O objetivo do derretimento proposto pela modernidade era questionar cada ponto da vida,
descartando a irracionalidade e a falta de justificativa plausível que cada objeto de crítica
continha, mas mantendo ou realocando no projeto racional e iluminista suas
características ainda aproveitáveis.
Fragoso complementa, “Na modernidade líquida os indivíduos não possuem mais padrões
de referência, nem códigos sociais e culturais que lhes possibilitassem, ao mesmo tempo,
construir sua vida e se inserir dentro das condições de classe e cidadão. Chega-se no
entender de Bauman a era da comparabilidade universal, onde os indivíduos não possuem
mais lugares pré-estabelecidos no mundo onde poderiam se situar, mas devem lutar
livremente por sua própria conta e risco para se inserir numa sociedade cada vez mais
seletiva econômica e socialmente”[5].
É nesta época que as relações de trabalho cada vez mais se desgastam e que a
própria esfera do trabalho se transforma num campo fluido desregulamentado. Então,
empregos temporários, meia jornada, empregos em que as relações de empregado-
empregador são constituídas somente pelos dois (como os trabalhadores que são Pessoa
Jurídica), se tornam situações fáceis de observar e consideradas legítimas pela sociedade.

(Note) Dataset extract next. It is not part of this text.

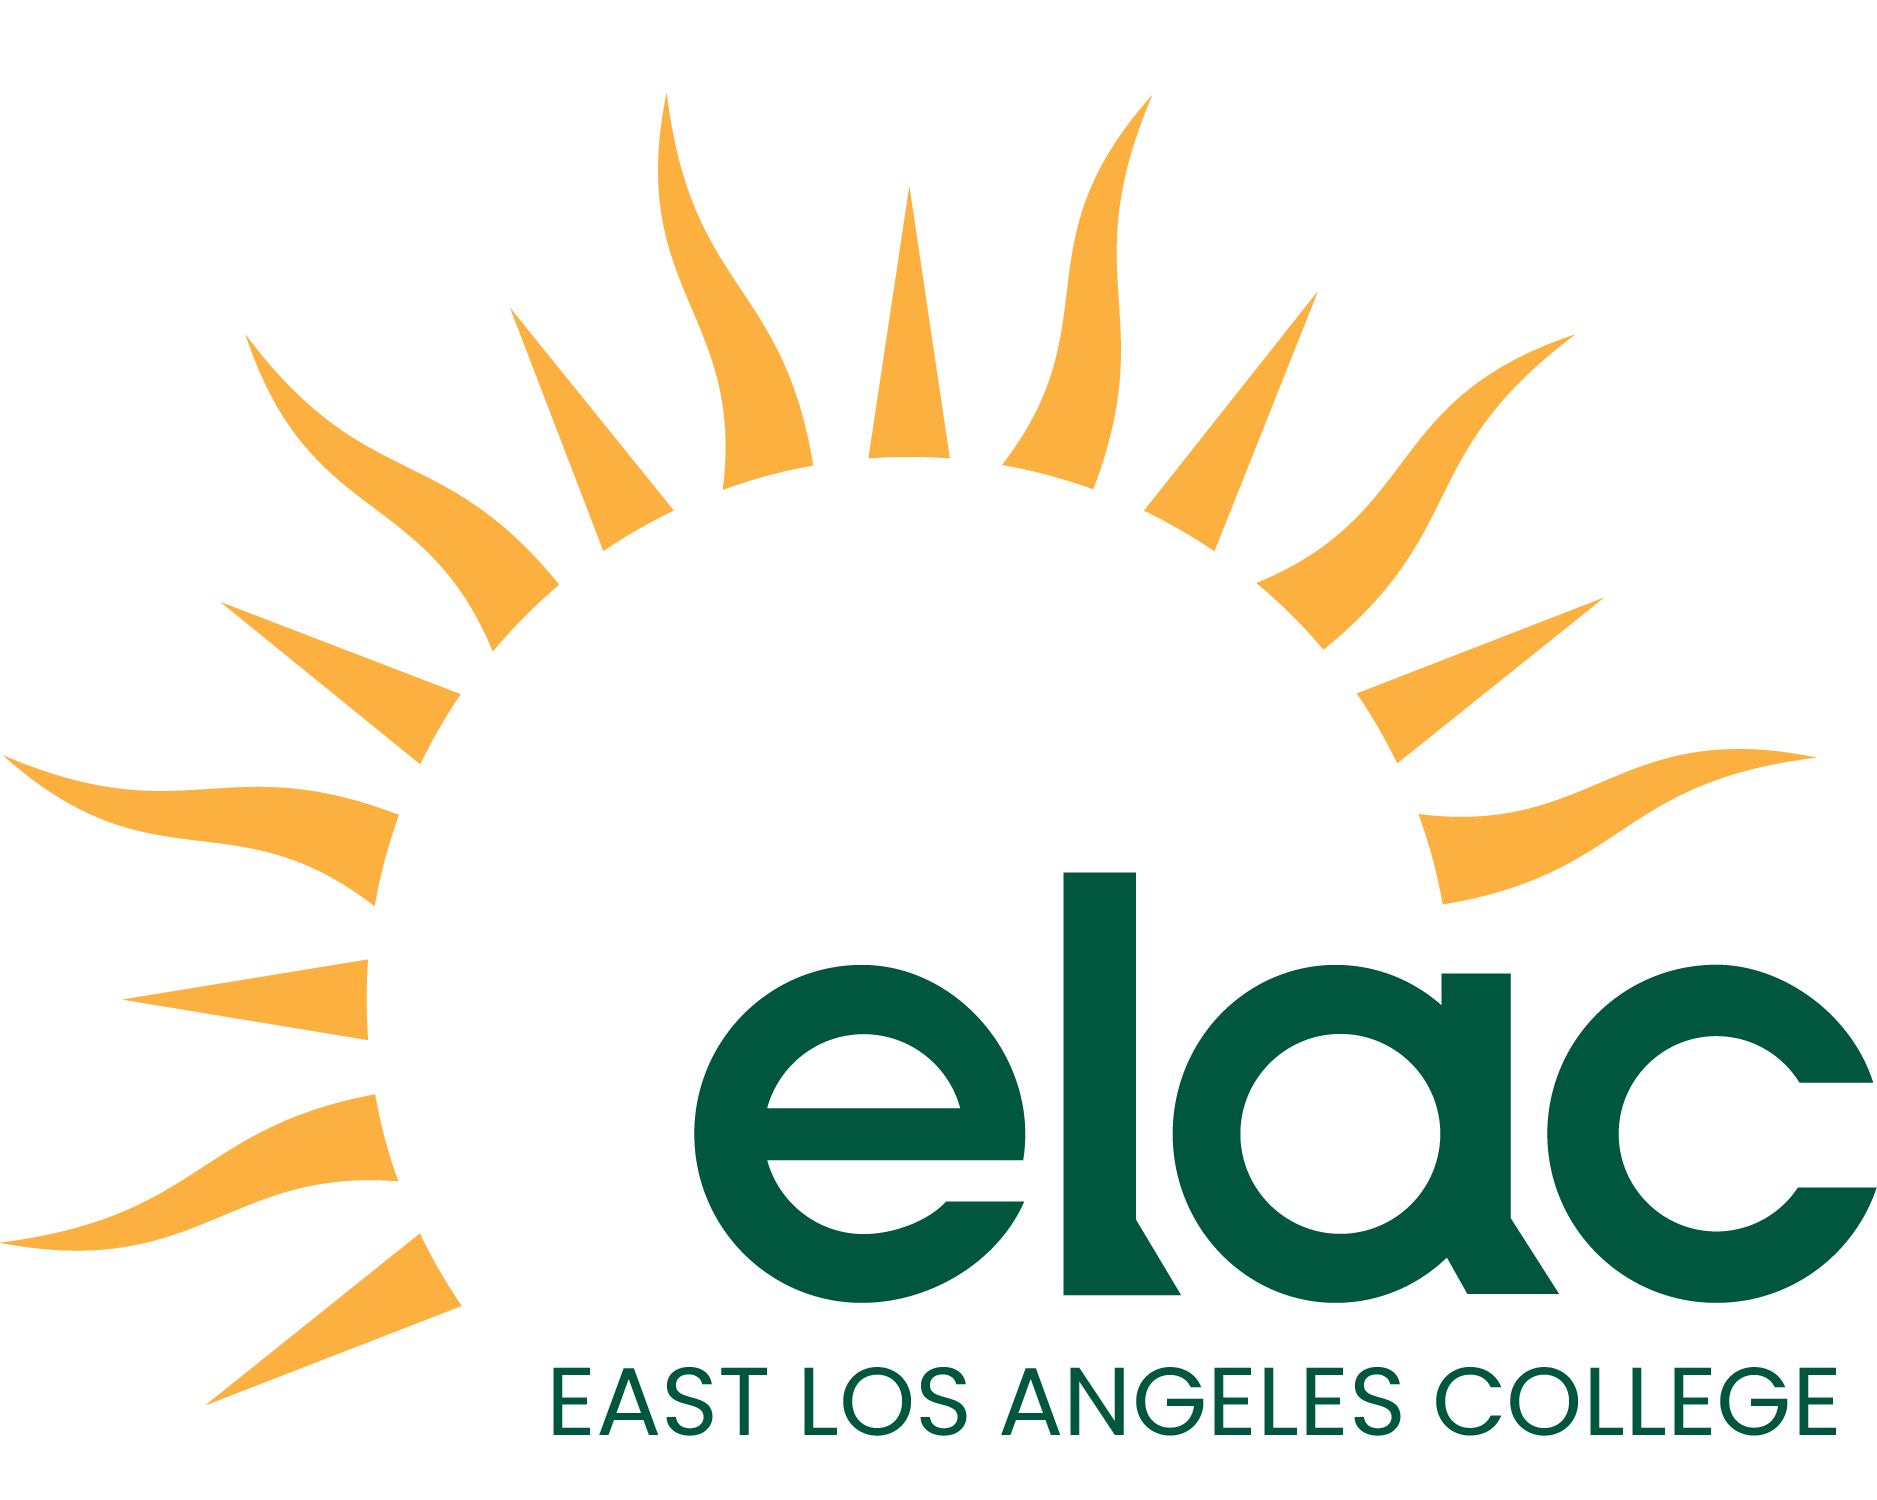 Promising Practices East Los Angeles College (California) AACC

Nisto, emerge a figura do desempregado crônico[6].
A relação frágil tem como pressuposto a transformação dos humanos em mercadorias que
podem ser consumidas e jogadas no lixo a qualquer momento – a qualquer momento eles
(os humanos) podem ser excluídos. A conexão é frágil porque o sujeito líquido lida com
um mundo de consumo e opções, mas esse mundo nunca é objetivo e frio, ele ainda causa
frustrações e, como já dito, insegurança. O sujeito líquido não tem mais referenciais de
ação: toda a autoridade de referência é coloca em si e é sua responsabilidade construir ou
escolher normas a serem seguidas – tudo se passa como se tudo fosse uma questão de
escolher a melhor opção, com melhores vantagens e, de preferência, nenhuma
desvantagem[7].
Isso tudo é coberto por uma mentalidade que, não só valida as instituições e as normas,
mas também dá base para a vida dos sujeitos: os imperativos de consumo são inscritos
naquilo que há de mais fundamental na constituição do sujeito líquido. Até mesmo no
sexo.
No entanto, para além da prática sexual, a própria noção da sexualidade foi modificada.

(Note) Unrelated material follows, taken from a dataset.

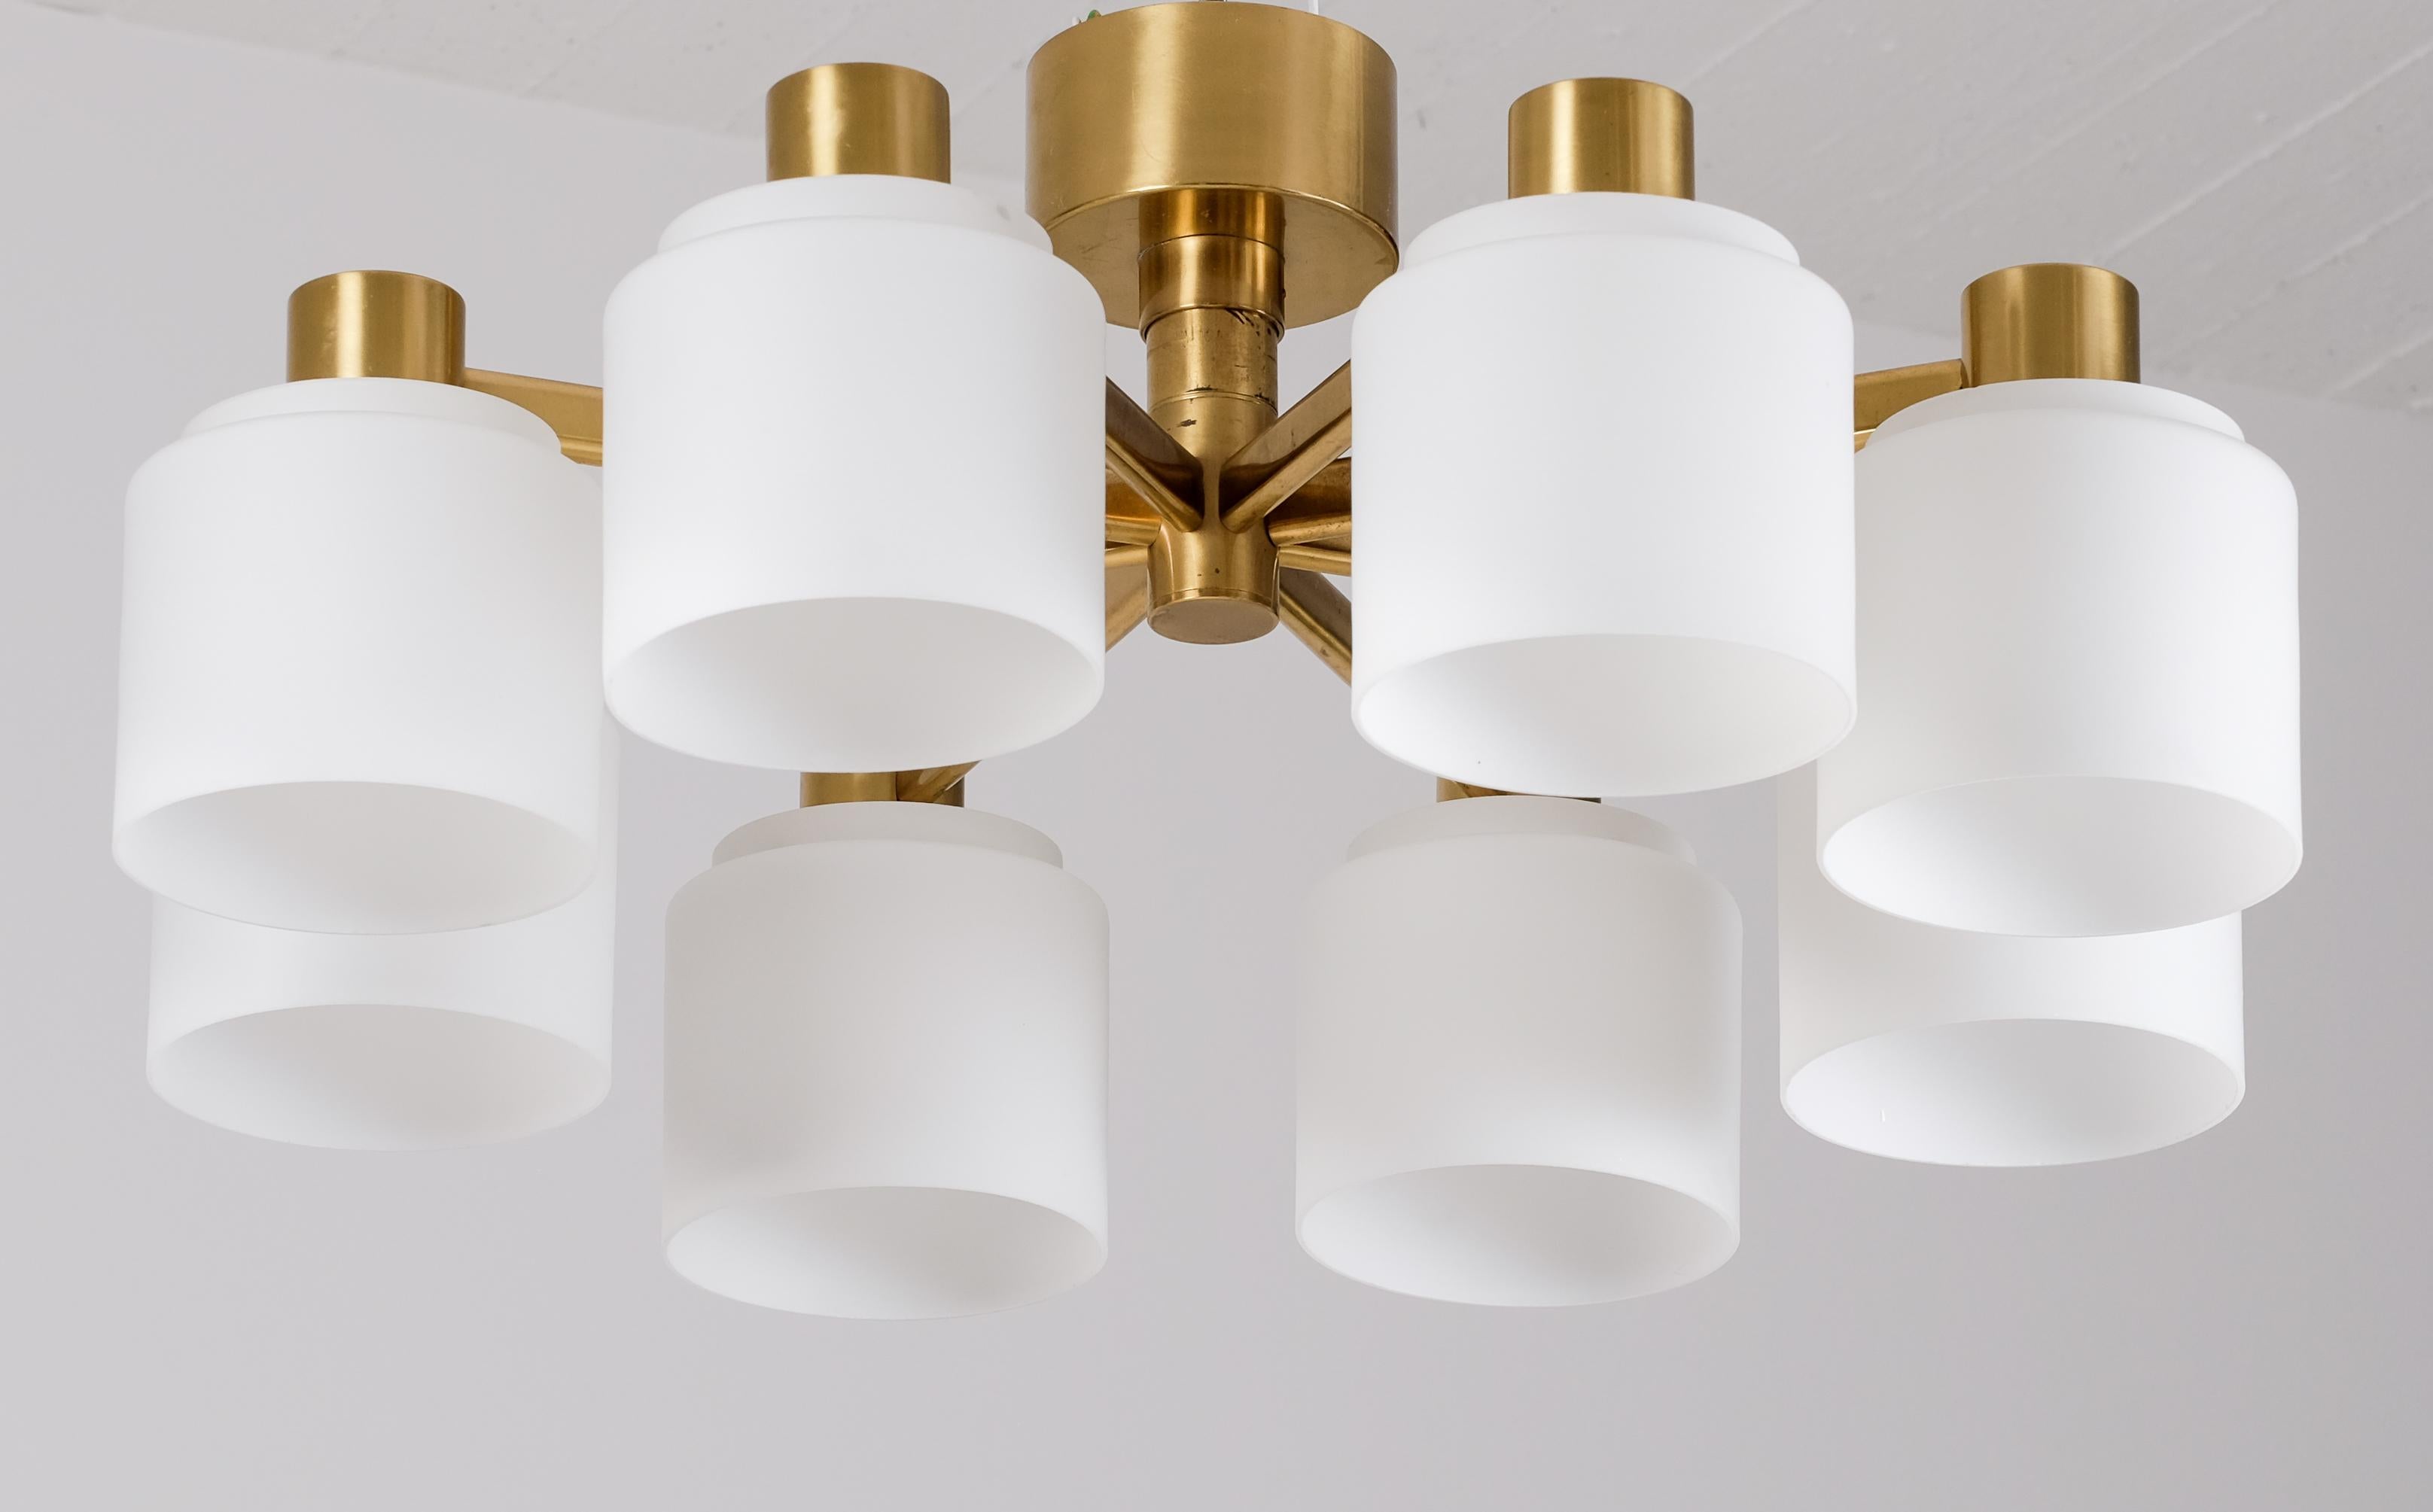 Set of 3 Swedish Ceiling Lights by Boréns, Sweden, 1960s For Sale 3

Percebe-se isso nas crianças: atualmente, a expressão da sexualidade na criança é tida
como produto do abuso de adultos – os adultos as abusam e este ato criminoso seria
refletido na criança em ações simples, como quando começa a mexer nos próprios órgãos
genitais. Antes desta conceituação da sexualidade infantil, as crianças eram tidas como
sujeitos sexuais, elas tinham interesse pelo prazer sexual e se masturbaram em busca
destas sensações (basta ler Freud).
Portanto, o autor chega a conclusão que essa nova significação da sexualidade infantil é
o oposto da sexualidade, digamos, “sólida”: nela, a sexualidade era parte do instinto
incontrolável que deveria ser vigiado constantemente pelos pais. A criança passou de
sujeito sexual a objeto sexual.
A impossibilidade de reencaixe
Isso quer dizer que o desengajamento coletivo – uma das características marcantes da
pós-modernidade – também carrega em seu bojo uma transformação das instituições que
funcionavam como guias coletivos e como laços para ações coletivas: não há mais criação
de possibilidades de reencaixe em nossa sociedade, os indivíduos flutuam sobre a
estrutura social sem saber muito bem como se portar com segurança e com garantia de
aceitação dentro da diferentes situações em que se encontram.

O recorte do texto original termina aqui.